## RECORDS:
>>>>>

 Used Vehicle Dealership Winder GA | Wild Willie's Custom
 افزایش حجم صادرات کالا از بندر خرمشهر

<<<<<
>>>>>

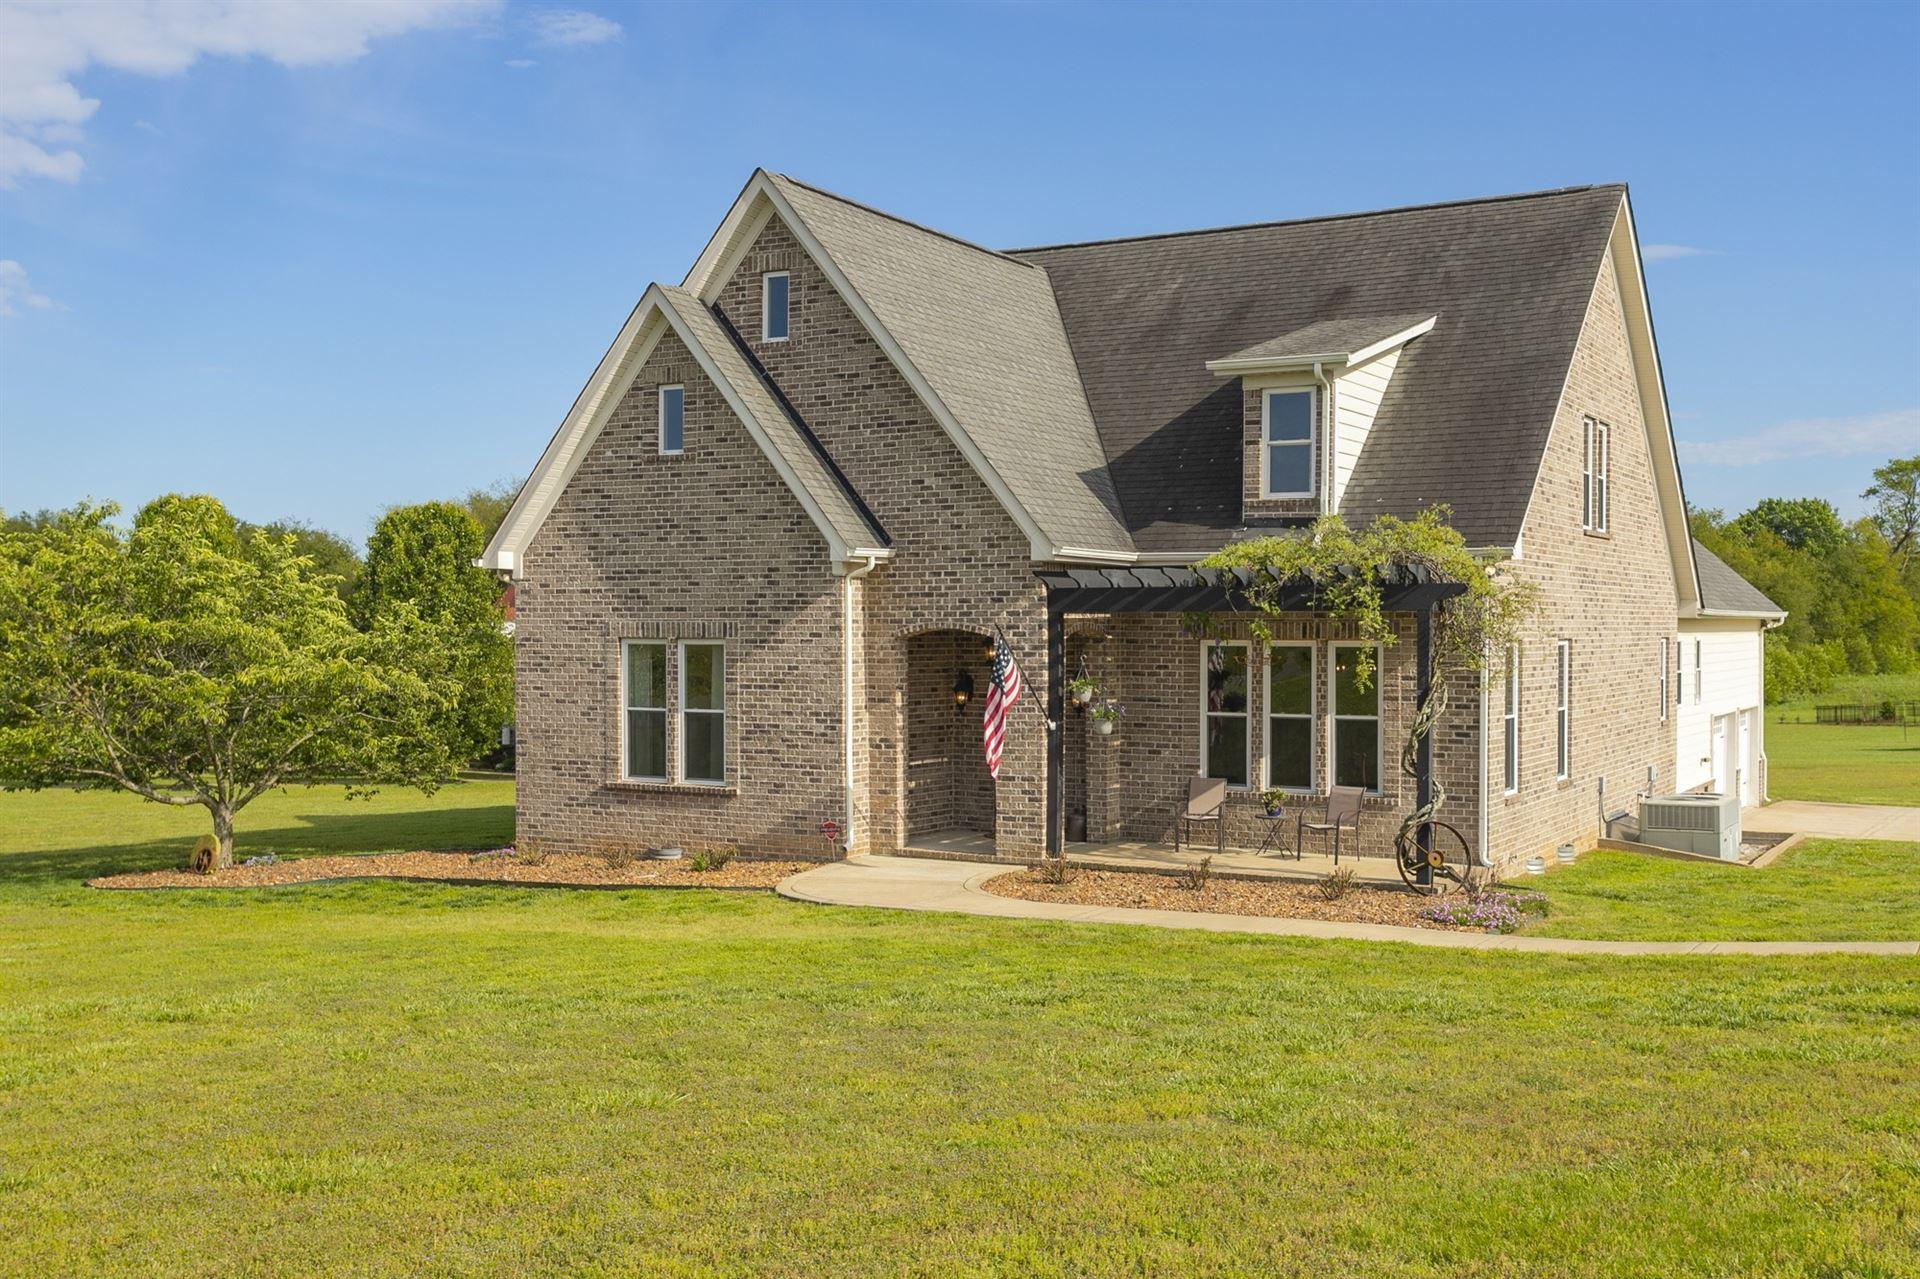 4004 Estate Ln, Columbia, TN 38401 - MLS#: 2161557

<<<<<
>>>>>

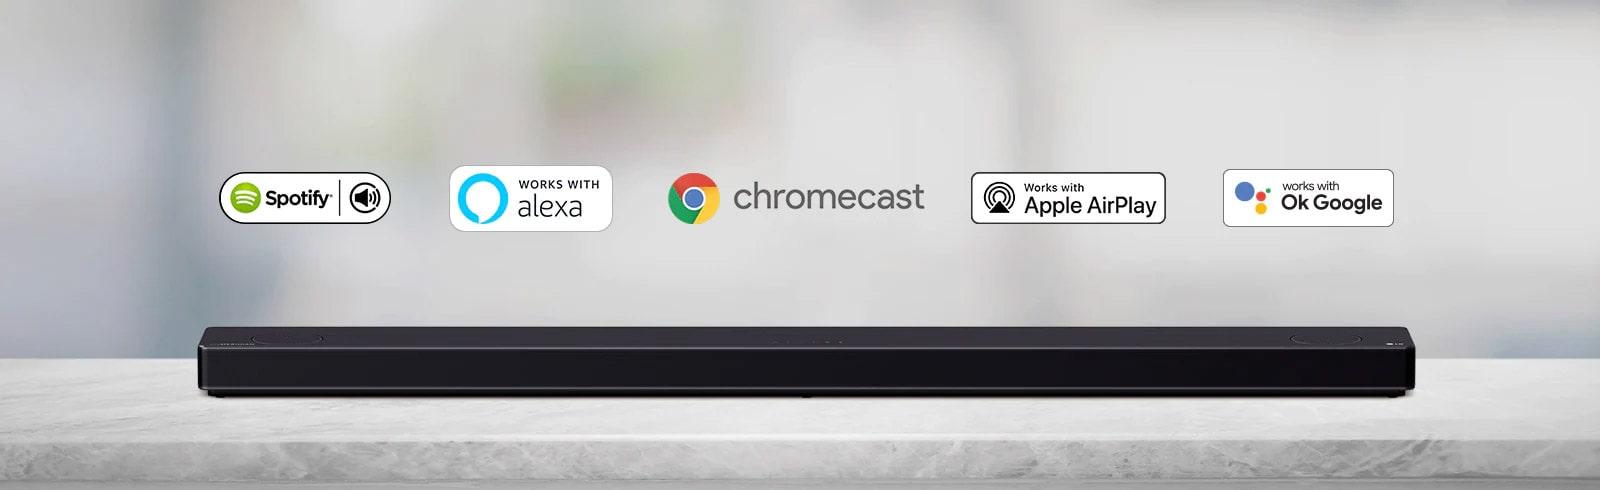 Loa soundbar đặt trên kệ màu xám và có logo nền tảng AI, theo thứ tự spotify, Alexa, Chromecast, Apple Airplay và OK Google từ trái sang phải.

<<<<<

## TO DO:
All lines in the listing above between the line with "Used Vehicle Dealership" and the line with "افزایش حجم صادرات کالا از بندر خرمشهر", inclusive, should be set down exactly, and no line outside that range.

## EXERCISE RESULT:
 Used Vehicle Dealership Winder GA | Wild Willie's Custom
 افزایش حجم صادرات کالا از بندر خرمشهر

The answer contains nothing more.